Jin JS, Kwon SO, Moon DC, Gurung M, Lee JH, Kim SI, Lee JC - PLoS ONE (2011)

Bottom Line: Potential virulence factors, including AbOmpA and tissue-degrading enzymes, were associated with A. baumannii OMVs.The OMVs from A. baumannii ATCC 19606(T) induced apoptosis of host cells, whereas this effect was not detected in the OMVs from the ΔompA mutant, thereby reflecting AbOmpA-dependent host cell death.In conclusion, the OMV-mediated delivery of virulence factors to host cells may well contribute to pathogenesis during A. baumannii infection.
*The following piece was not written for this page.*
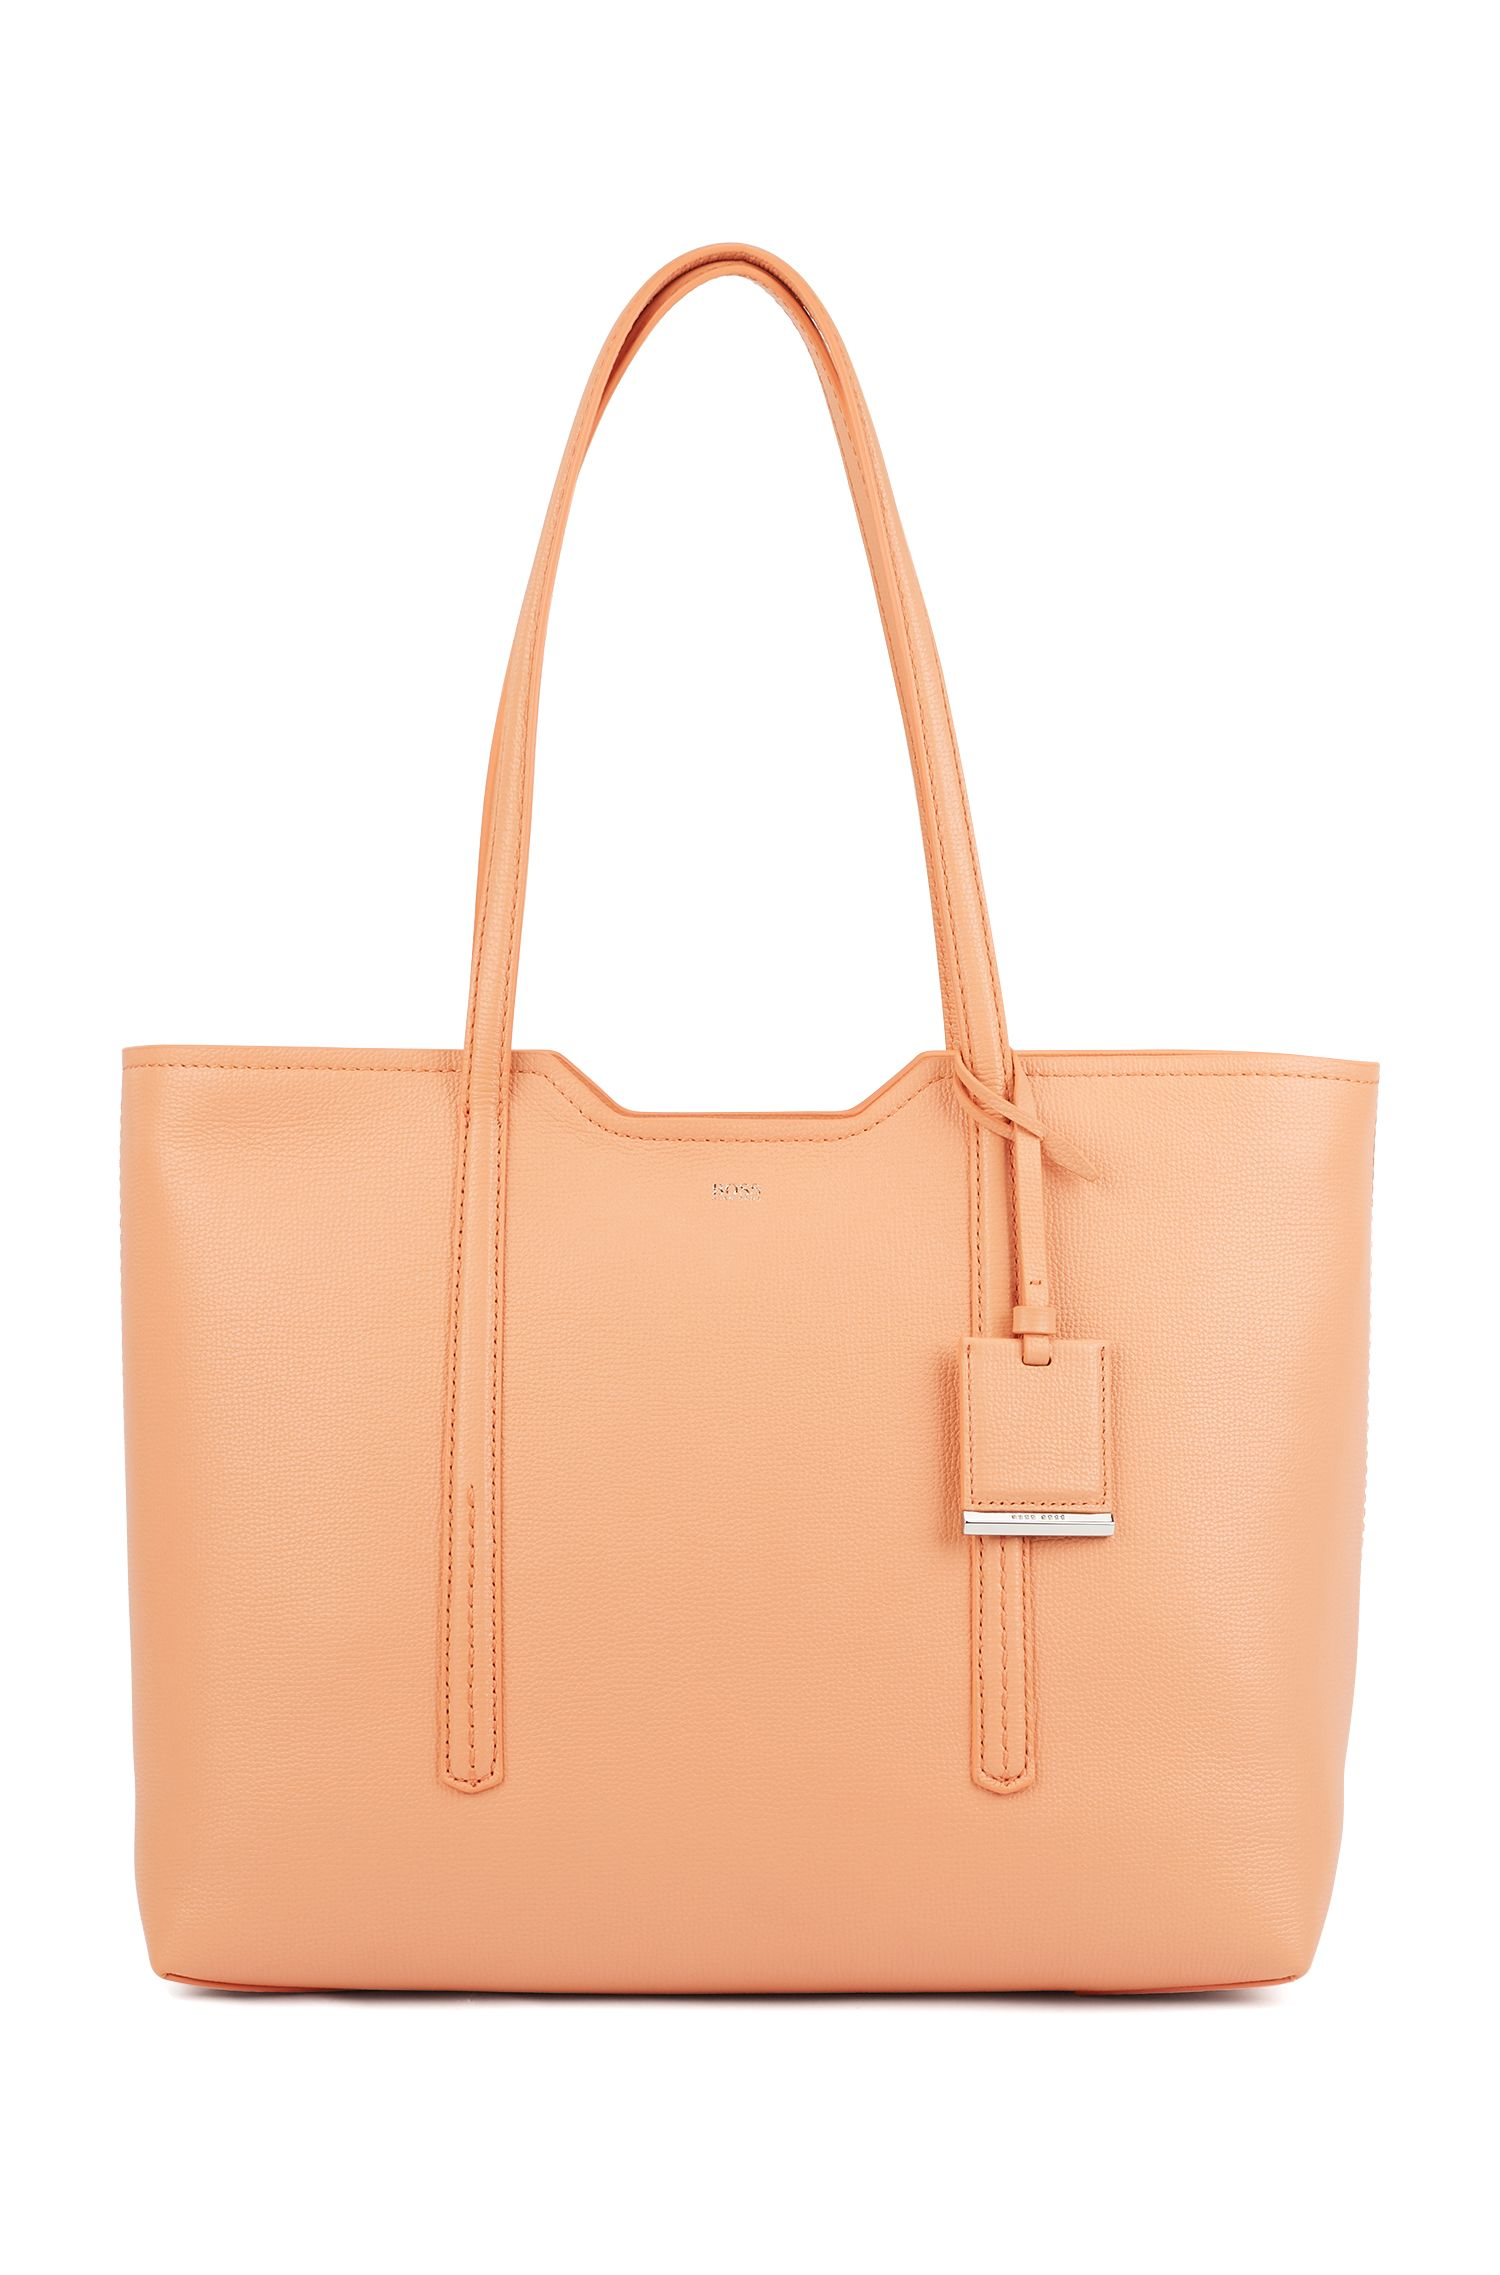 Shopper bag in grained Italian leather, Orange

View Article: PubMed Central - PubMed

Affiliation: Department of Microbiology, Kyungpook National University School of Medicine, Daegu, Korea.

ABSTRACT
Acinetobacter baumannii is an important nosocomial pathogen that causes a high morbidity and mortality rate in infected patients, but pathogenic mechanisms of this microorganism regarding the secretion and delivery of virulence factors to host cells have not been characterized. Gram-negative bacteria naturally secrete outer membrane vesicles (OMVs) that play a role in the delivery of virulence factors to host cells. A. baumannii has been shown to secrete OMVs when cultured in vitro, but the role of OMVs in A. baumannii pathogenesis is not well elucidated. In the present study, we evaluated the secretion and delivery of virulence factors of A. baumannii to host cells via the OMVs and assessed the cytotoxic activity of outer membrane protein A (AbOmpA) packaged in the OMVs. A. baumannii ATCC 19606(T) secreted OMVs during in vivo infection as well as in vitro cultures. Potential virulence factors, including AbOmpA and tissue-degrading enzymes, were associated with A. baumannii OMVs. A. baumannii OMVs interacted with lipid rafts in the plasma membranes and then delivered virulence factors to host cells. The OMVs from A. baumannii ATCC 19606(T) induced apoptosis of host cells, whereas this effect was not detected in the OMVs from the ΔompA mutant, thereby reflecting AbOmpA-dependent host cell death. The N-terminal region of AbOmpA(22-170) was responsible for host cell death. In conclusion, the OMV-mediated delivery of virulence factors to host cells may well contribute to pathogenesis during A. baumannii infection.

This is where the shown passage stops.